EXERCISE AIM – The listing below should be reproduced exactly, with the pictures omitted.

PROVIDED MATERIAL –
━━━
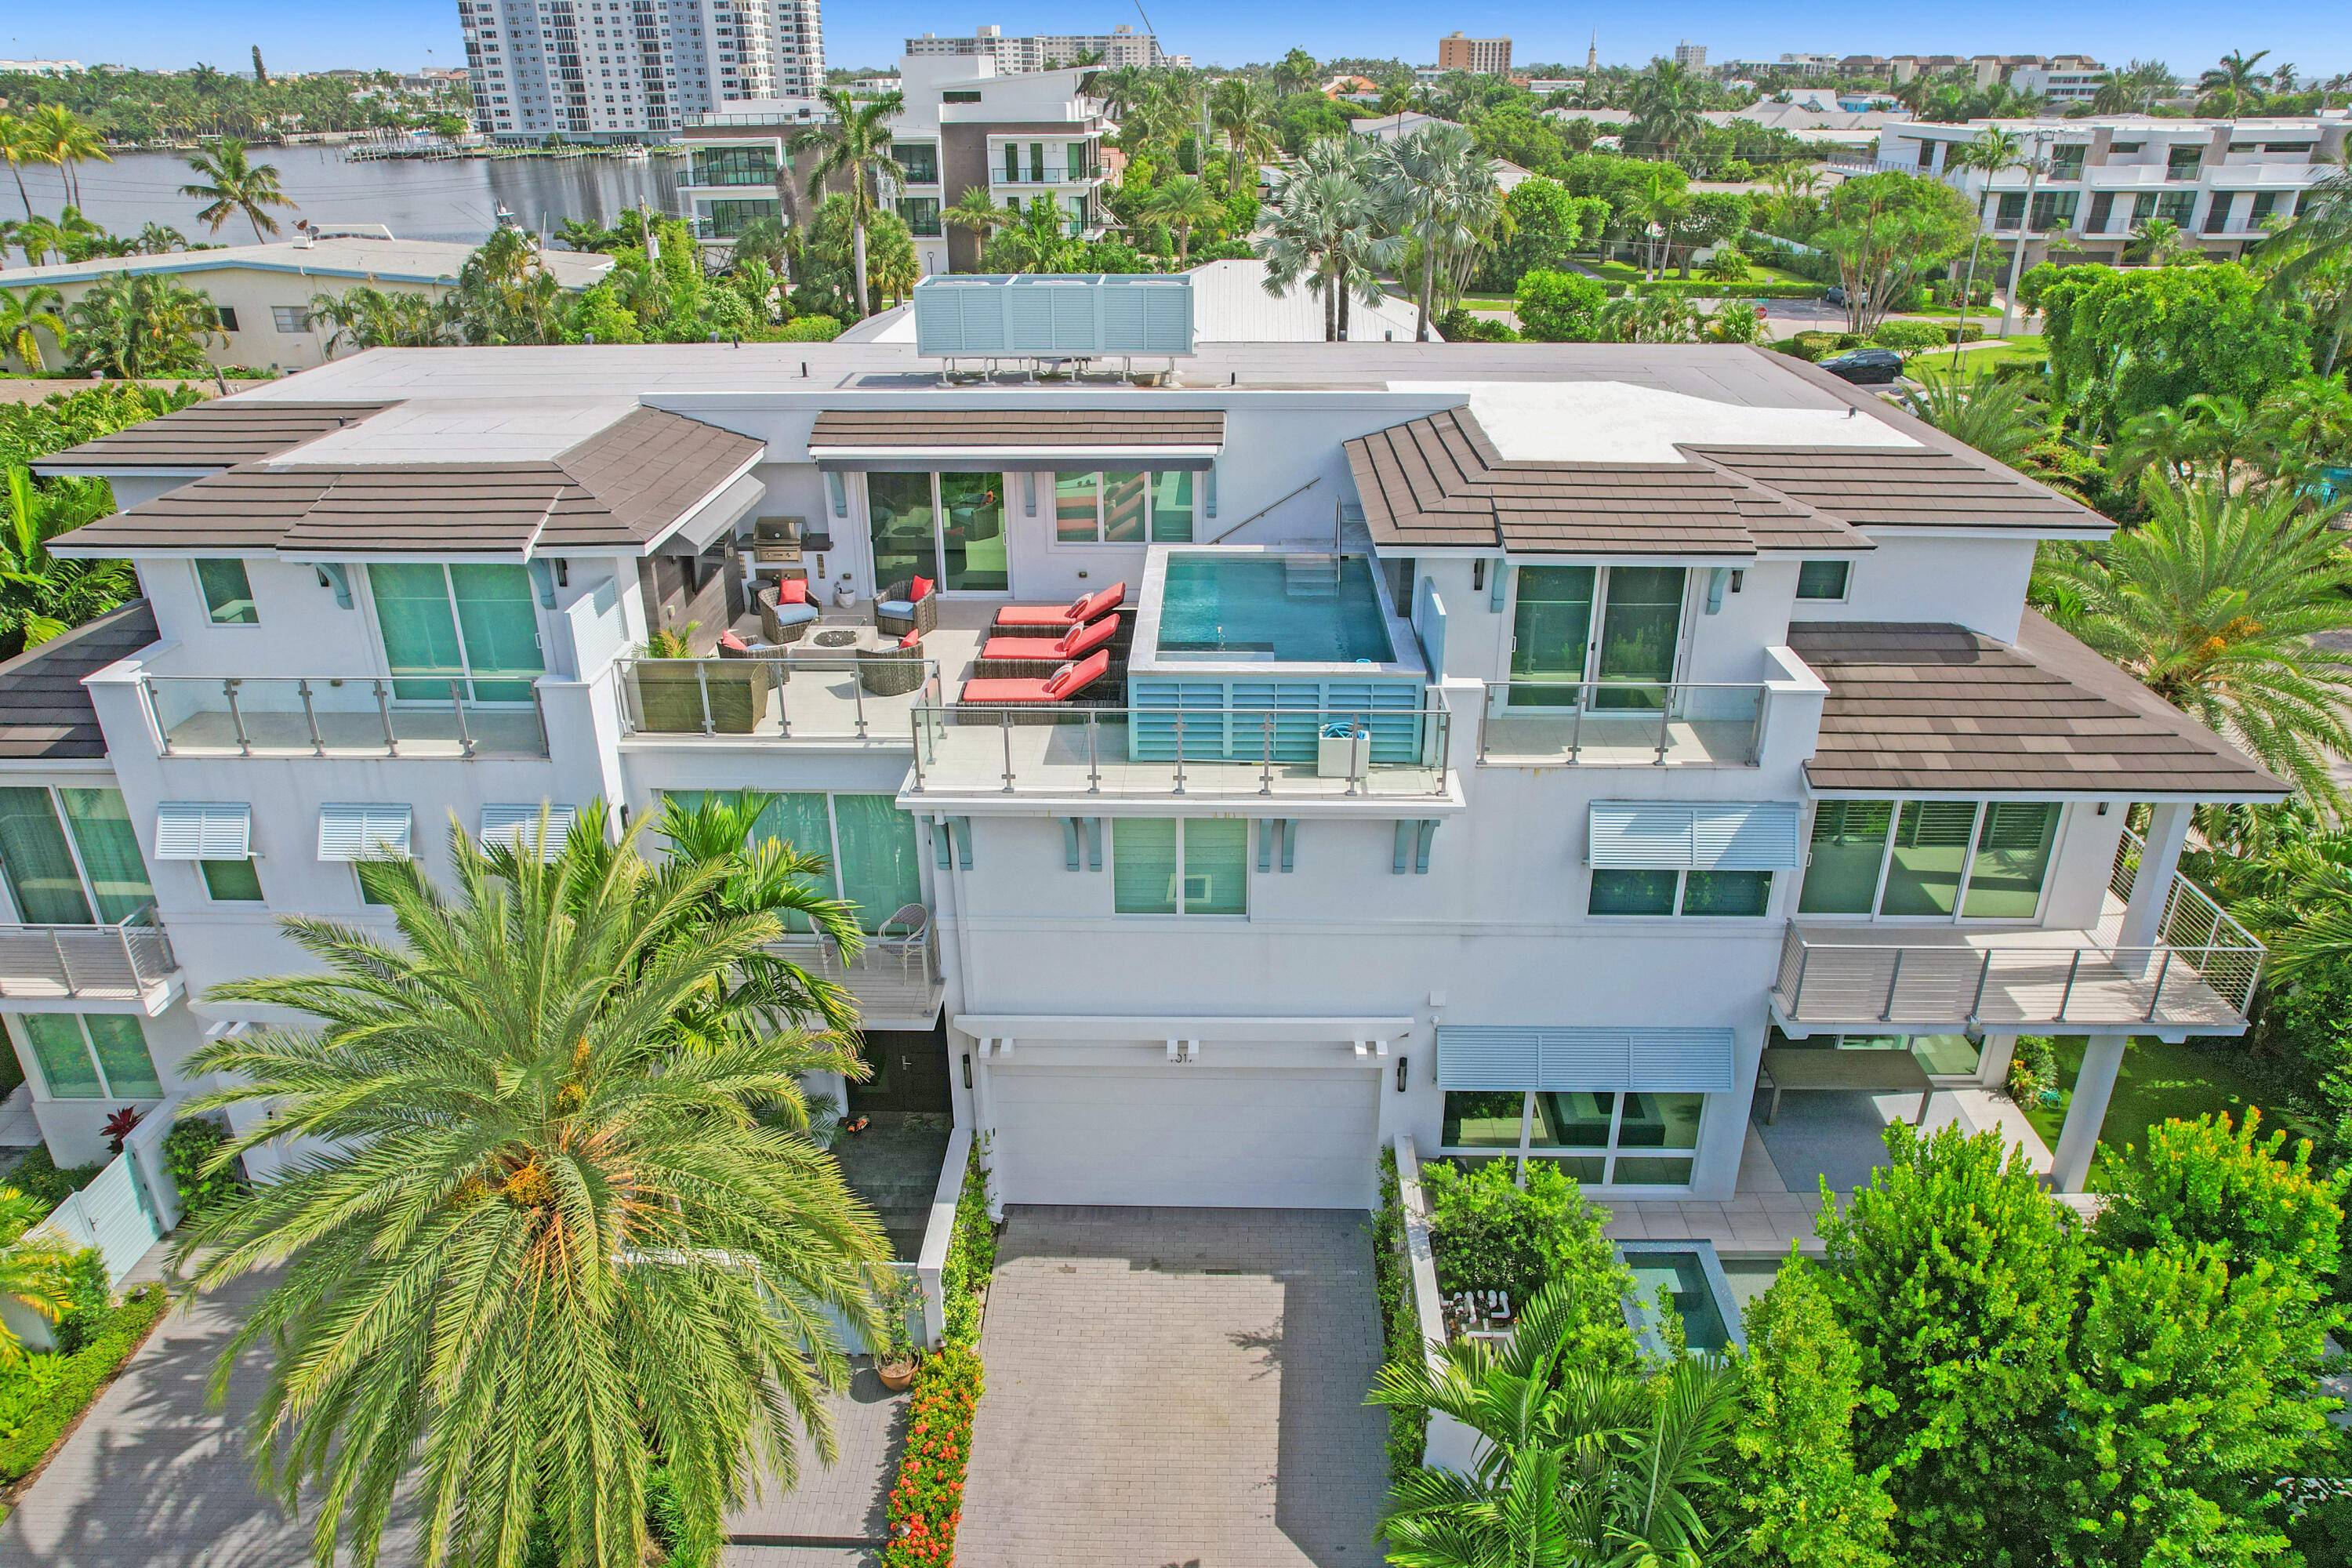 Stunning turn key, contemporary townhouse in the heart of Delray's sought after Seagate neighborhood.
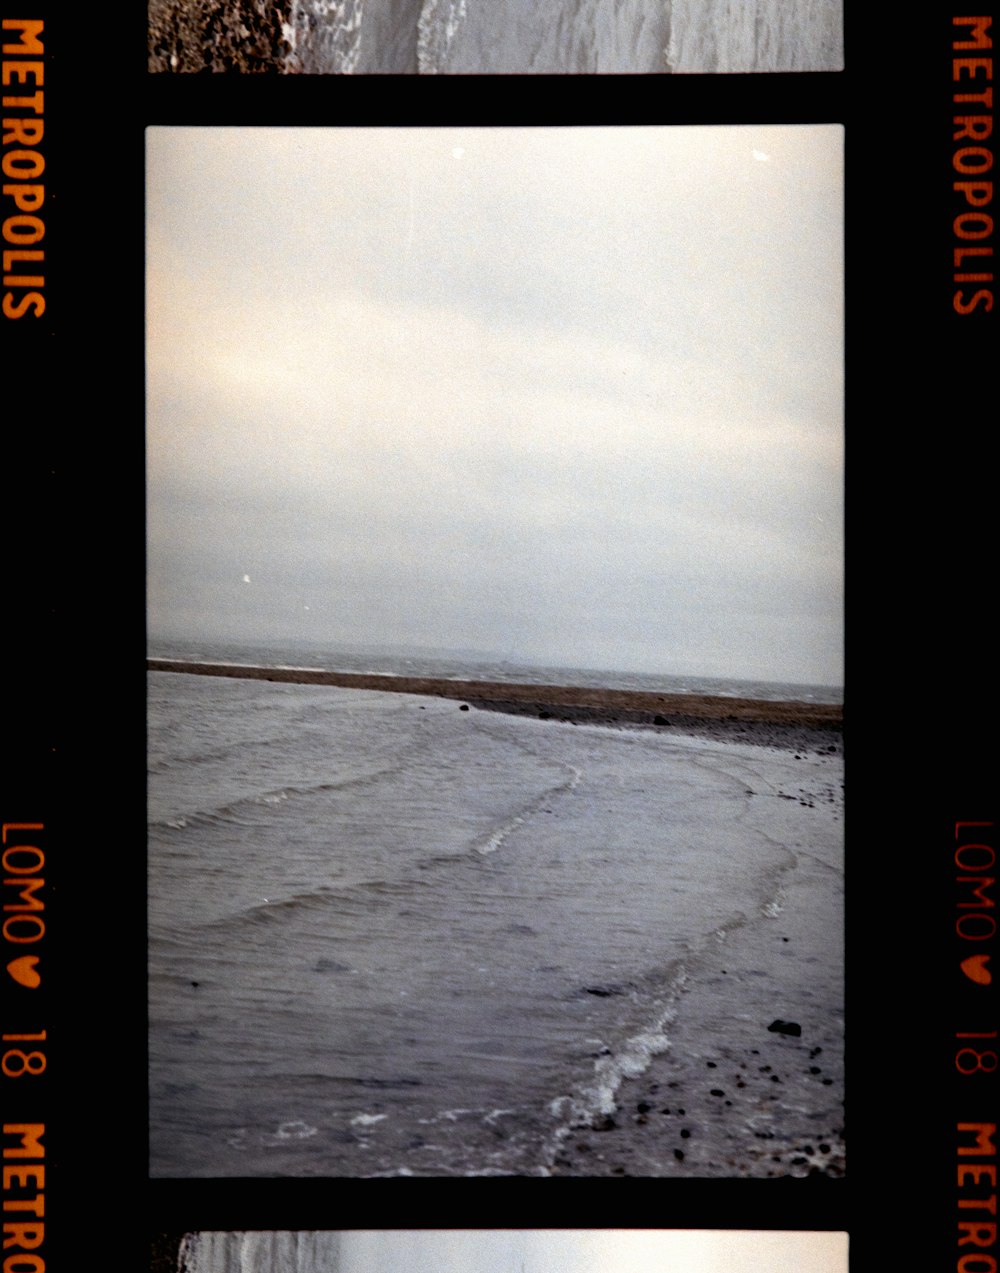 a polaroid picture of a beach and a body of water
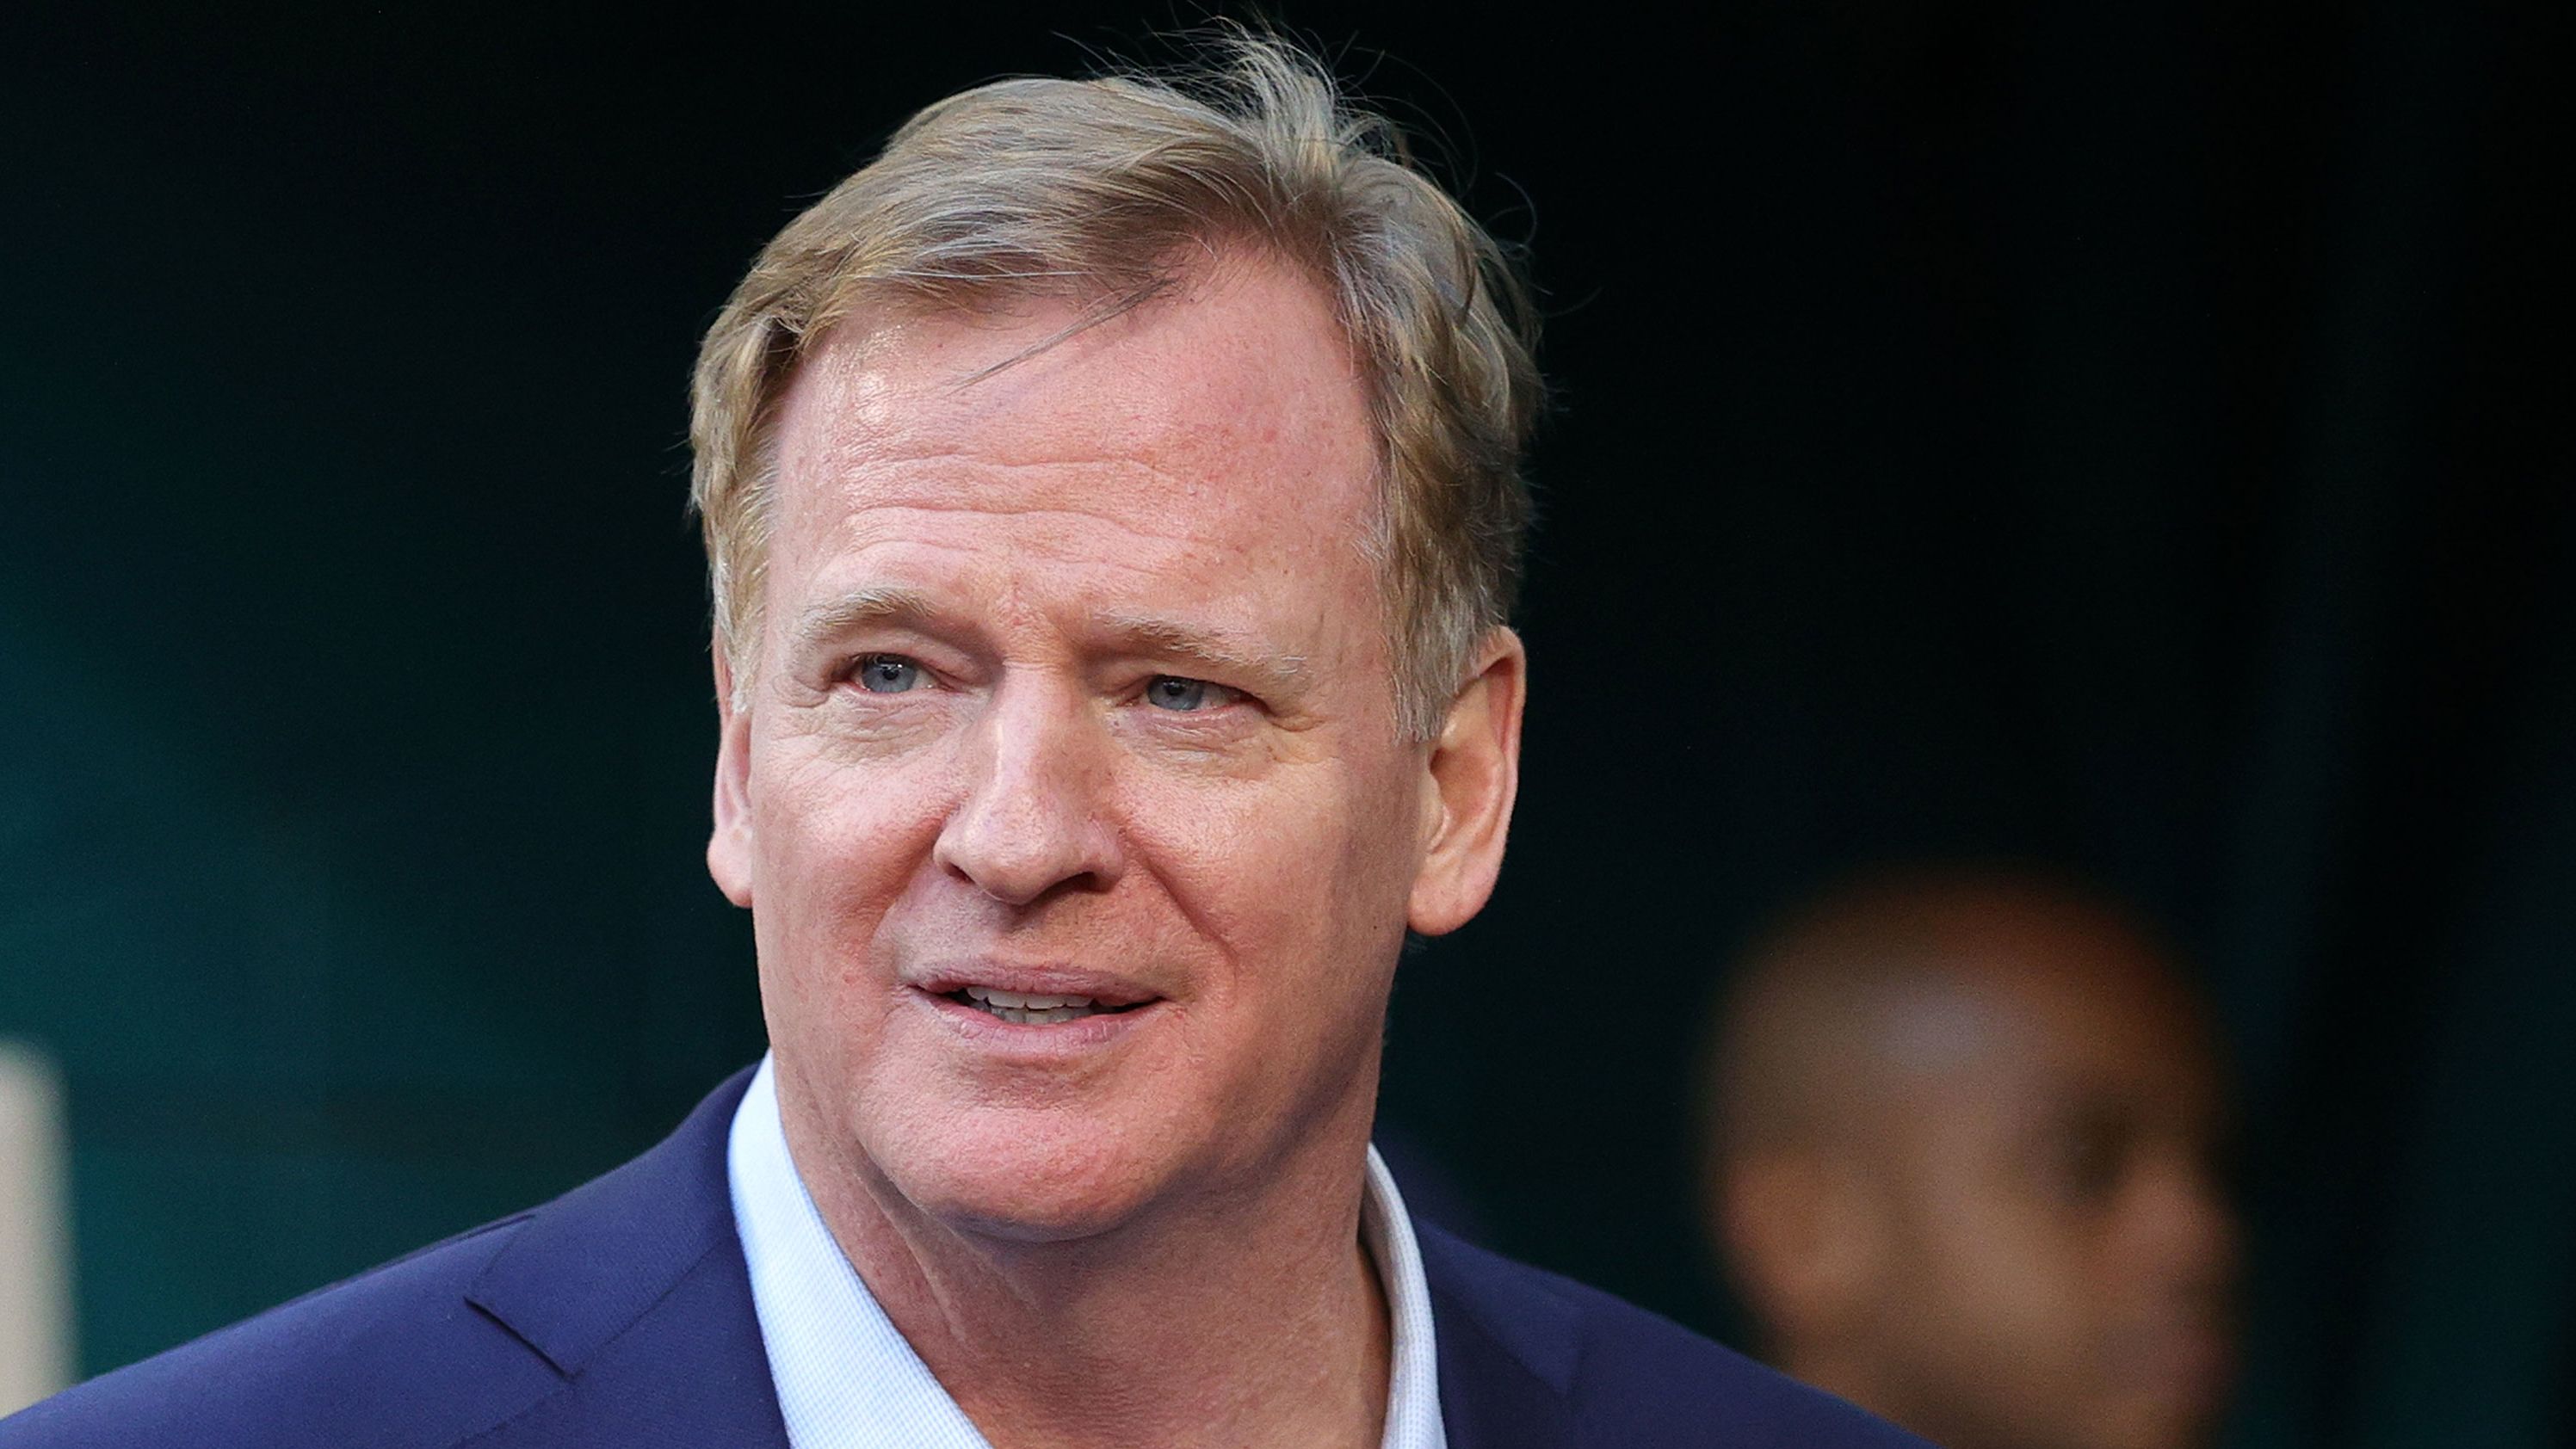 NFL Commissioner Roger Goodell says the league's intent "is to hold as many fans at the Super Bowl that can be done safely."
━━━
SOLUTION FOR THIS TASK –
 Stunning turn key, contemporary townhouse in the heart of Delray's sought after Seagate neighborhood.
 a polaroid picture of a beach and a body of water
 NFL Commissioner Roger Goodell says the league's intent "is to hold as many fans at the Super Bowl that can be done safely."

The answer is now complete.